It wasn't a conclusion, but rather an impression arising from your seemingly cavalier attitude toward the effect of power on both researchers seeking NIH funding and U.S. clinicians forming medical diagnoses. In light of your response to the opinions of others who have written about the implications of the IOM report, I won't expect any better fate for opinions of mine. I'll refer you instead to MEAdvocacy.org for their discussion of ICD-10-CM.
 

alex3619

Senior Member
Messages
13,810
Location
Logan, Queensland, Australia
For the divisiveness of the report, I blame the IOM Committee. To demand validation of the SEID criteria is to challenge Dr. Clayton's statement, “We recognize that our criteria now represent the state of the science at a moment in time.”
Which I challenge. That is how science works. It NEEDS to be challenged, especially if you are pro-SEID and want to see good science. So pro- or anti-SEID should want to see the challenge. Otherwise we are happy with bureaucracy over-riding science, and we know where this leads from the history of the disease.
 

alex3619

Senior Member
Messages
13,810
Location
Logan, Queensland, Australia
I'll refer you instead to MEAdvocacy.org for their discussion of ICD-10-CM.
Which is clearly about bureaucracy. Many diagnostic categories in ICD and especially DSM probably do not reflect discrete disorders. They are just a label. From what I am reading most doctors don't give a damn about the diagnostic category, they use their own judgement, and the ICD simply becomes a place for them to find a code to put on forms. Sometimes they have to wedge a patient's condition in as its not a great fit.

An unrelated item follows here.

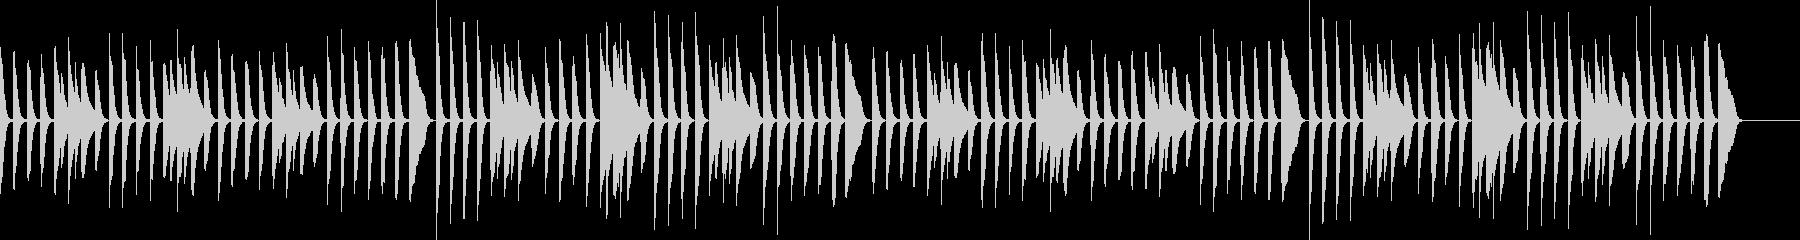 ピアノ/可愛い/ほのぼの/日常/シンプルの未再生の波形

Getting ME accepted in science as a physical disease not a disorder or illness has been an important step for a long time. I don't think that the IOM report does this well, largely because we still lack sufficient science, but its a start. Let me elaborate. We do not yet know if ME is one disease, two, or many, or a spectrum disorder, or whatever. That the patients have a disease is fairly clear, but how discrete an entity that is has not been proved.

ICD codes, and DSM codes, are not about scientifically validated entities. They are about bureaucratic entities. Many are clearly wrong or inadequate, and are invented categories to pigeonhole patients in when the doctor really doesn't know what they have. They are just labels.

This does not mean labels entirely lack power or influence. It does mean that in the long term it will not matter. It also means that for the science it has very little impact.

The single biggest thing that will alter insurance coverage and medical access is better research. From that everything else follows. Which means we need more funding and improved funding priority.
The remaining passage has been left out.